These requirements should not distract us from our additional role of measuring performance and function in order to evaluate the effect of a given non-medicinal intervention or therapy such as exercise or orthotics. A physiotherapist evaluating a child using a motor scale in a clinic may use the information gained to evaluate disease progression as well as guide the family in the provision of equipment and predicting the need for additional support in the future. This role is not separate from the physiotherapist’s role in a clinical trial where the motor scale is a primary outcome and may also be essential to ensure that the necessary standard of care is provided to the participant. A good example is in Duchenne muscular dystrophy (DMD) where the North Star Ambulatory Assessment (NSAA) can identify the need for a change in steroid management or identify a loss of range of movement in the ankle joints requiring a program of stretches and orthotics as a recommended approach in the published standard of care guidelines [2].

As clinicians we have an additional responsibility. Person centred outcomes require the human touch to deliver these appropriately. Asking patients to repeat the same measure time and again over a long period requires sensitivity as well as a consistent delivery.
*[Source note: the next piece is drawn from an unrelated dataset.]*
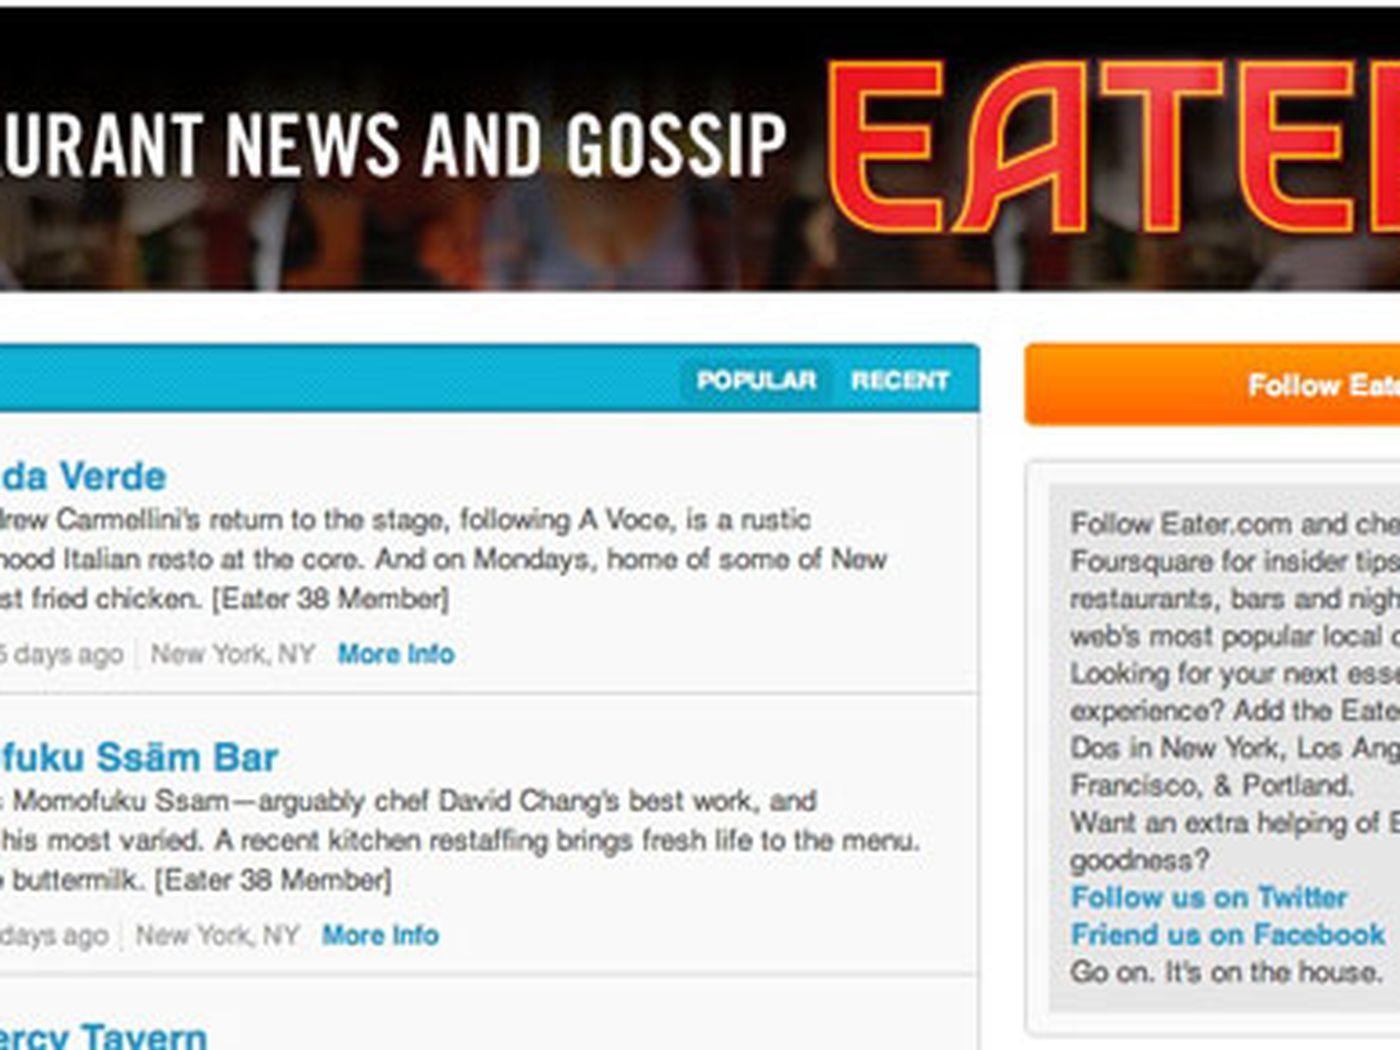 Follow Eater on Foursquare and Enjoy Endless Secret Intel

Care cannot be just about measurement; it is about appreciating the difficulties experienced by patients who find themselves getting worse and finding tasks harder at each visit. Our focus is to remember our role in using data to not just drive a natural history study or a clinical trial but also in attending to how the information can be applied to management, and to how our words and actions as we ask patients to do yet more things can make a difference between them feeling just measured or ultimately cared for. This is of course another good reason to always involve patients in the evaluation and development of outcome measures and is particularly important in patient reported outcome measures. Their early and direct involvement will ensure the necessary sensitivities and clarity.

With this in mind this chapter aims first to illuminate the specific benefits of Rasch analysis in the evaluation of performance, using practical examples to explain why these methods enhance more traditional evaluations of reliability and validity. Second I will discuss the importance of the role clinicians play in the interpretation and decision making process when using Rasch analysis. Third, I explore the role of the clinician alongside other key stakeholders to ensure that wherever we assess a patient—in clinic, at home, or via video link—the value and clinical meaning of measurements can be understood and potentially equated in relationship to other similar scales conducting in an alternative forum. This speaks especially to the role of measurement in telemedicine.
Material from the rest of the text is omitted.